Since we’re dealing with encrypted data, our cryptsetup should be also auto mounted:

apt install --yes cryptsetup keyutils

echo "system UUID=$(blkid -s UUID -o value /dev/disk/by-id/^^ata_disk^^-part1) \
    none luks,discard,initramfs,keyscript=decrypt_keyctl" >> /etc/crypttab

cat /etc/crypttab

Now we get grub started:

apt install --yes grub-efi-amd64

And update our boot environment again (seeing errors is nothing unusual):

update-initramfs -u -k all

And then we finalize our grup setup:

update-grub
grub-install --target=x86_64-efi --efi-directory=/boot/efi \
    --bootloader-id=Ubuntu --recheck --no-floppy

Finally we get the rest of desktop system:

apt-get install --yes ubuntu-desktop samba linux-headers-generic
apt dist-upgrade --yes

We can omit creation of the swap dataset but I always find it handy:

zfs create -V 4G -b $(getconf PAGESIZE) -o compression=off -o logbias=throughput \
    -o sync=always -o primarycache=metadata -o secondarycache=none system/swap
mkswap -f /dev/zvol/system/swap
echo "/dev/zvol/system/swap none swap defaults 0 0" >> /etc/fstab
echo RESUME=none > /etc/initramfs-tools/conf.d/resume

If one is so inclined, /home directory can get a separate dataset too:

rmdir /home
zfs create -o mountpoint=/home system/home

Only remaining thing before restart is to create user:

adduser ^^user^^
usermod -a -G adm,cdrom,dip,lpadmin,plugdev,sambashare,sudo ^^user^^
chown -R ^^user^^:^^user^^ /home/^^user^^

As install is ready, we can exit our chroot environment and reboot unmount our new environment.

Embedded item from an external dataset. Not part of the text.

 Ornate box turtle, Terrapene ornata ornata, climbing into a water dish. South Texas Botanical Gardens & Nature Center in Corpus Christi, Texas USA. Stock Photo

If unmount fails, just repeat it until it doesn’t. :)

exit
umount -R /mnt/system

Finally we can correct root’s mount point and reboot:

zfs set mountpoint=/ system/root
reboot

Assuming nothing went wrong, your UEFI system is now ready.


[2019-10-27: Added --make-rslave]


PS: There are versions of this guide using the native ZFS encryption for other Ubuntu versions: 21.10 and 20.04

PPS: For LUKS-based ZFS setup, check the following posts: 20.04, 19.10, and 18.10.